Developer Guide

FPGA Optimization Guide for Intel® oneAPI Toolkits

ID 767853
Date 7/13/2023
Public

A newer version of this document is available. Customers should click here to go to the newest version.

Document Table of Contents

Optimize Loops With Loop Speculation

Loop speculation is an optimization technique that enables more efficient loop pipelining by allowing future iterations to be initiated before determining whether the loop was exited already. Consider the following simple loop example:

while (m*m*m < N) {
  m+=1;
}

Logically, the exit condition (m*m*m < N) for an iteration must be evaluated before determining whether you need to initiate another iteration or not. This means that, in the absence of speculation, the loop II cannot be lower than the number of cycles it takes to compute this exit condition. Speculated iterations are iterations that launch before the exit condition computation has completed. However, all operations with side-effects, such as stores to memory, are predicated by the exit condition. This means that operations with side-effects still waits for the exit condition to be computed. Loop speculation is beneficial when the exit condition is the bottleneck preventing from achieving a lower II. In the loop shown above, the exit condition contains two multiplications that cannot complete within a single clock cycle. However, loop speculation allows this loop to achieve II=1.

For example, for a given iteration i with exit condition Ei, the number of speculated iterations s is the number of iterations after i has been initiated but before Ei has been evaluated. By default, this number of speculated iterations is determined by the compiler on a per-loop basis, and can be found in the per-loop details of the Loop Analysis report.

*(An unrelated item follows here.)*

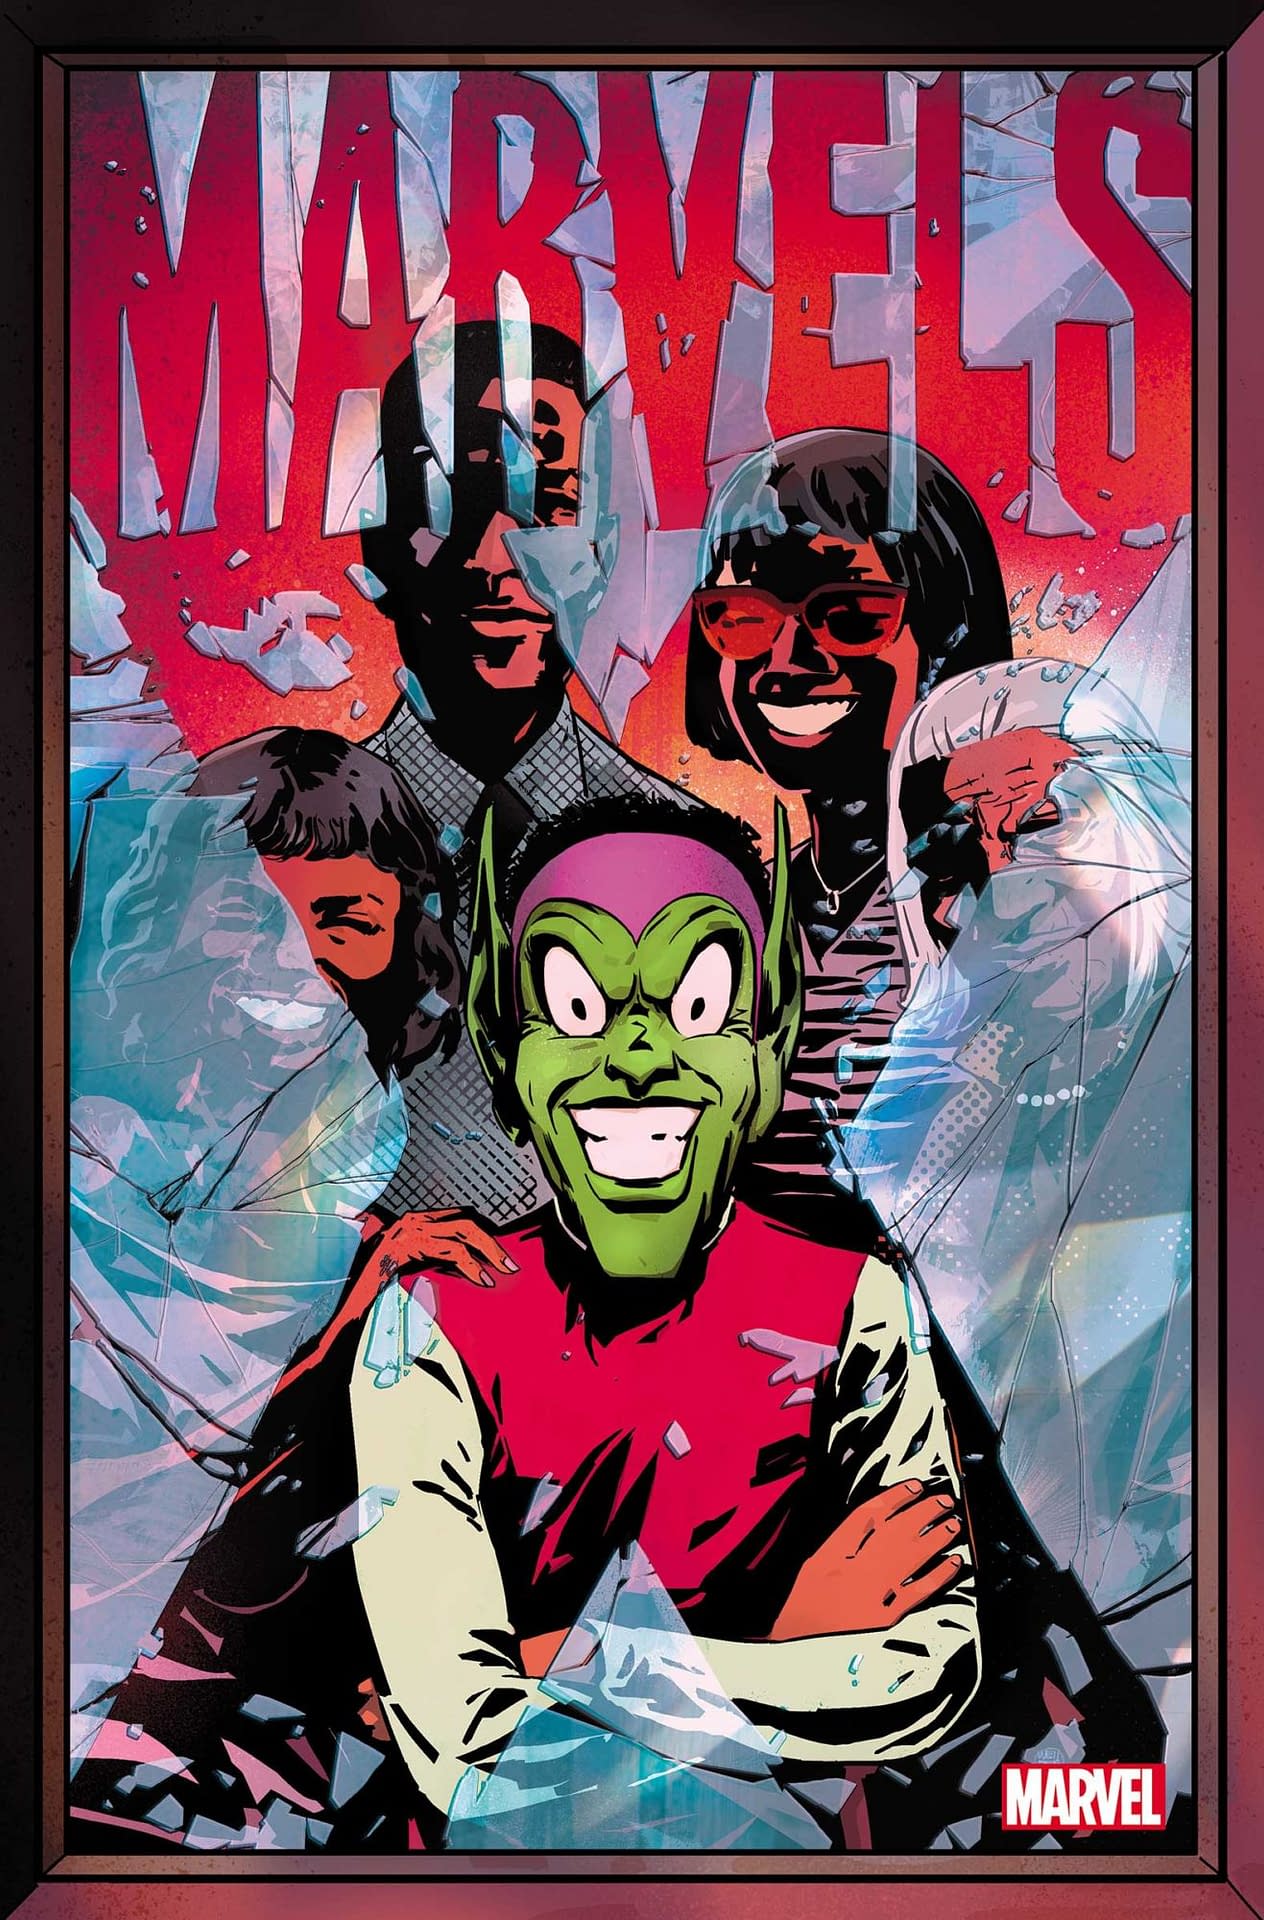 Mavel Comics Full January 2020 Solicitations

The speculated_iterations attribute allows you to directly control the number of speculated iterations for a loop. If the exit condition calculation is the bottleneck to lowering II (as shown in the Loop Analysis report), increasing the number of speculated iterations may improve the II (this is not guaranteed as other bottlenecks may be uncovered). For more information, refer to speculated_iterations Attribute.

Speculated iterations introduce some overhead in nested loops since a new invocation of a loop may not begin until all speculated iterations of its previous invocation have completed. In cases where a loop body with low latency is expected to be frequently invoked, (for example, an inner loop with a short trip count), use the speculated_iterations attribute to reduce the number of speculated iterations. You can estimate the amount of this overhead by multiplying the number of speculated iterations with II of the loop (as shown in the Loop Analysis report). Using the speculated_iterations attribute can reduce this overhead, but be aware that choosing an attribute value that is too low may increase the II (due to not having enough time to evaluate the exit condition).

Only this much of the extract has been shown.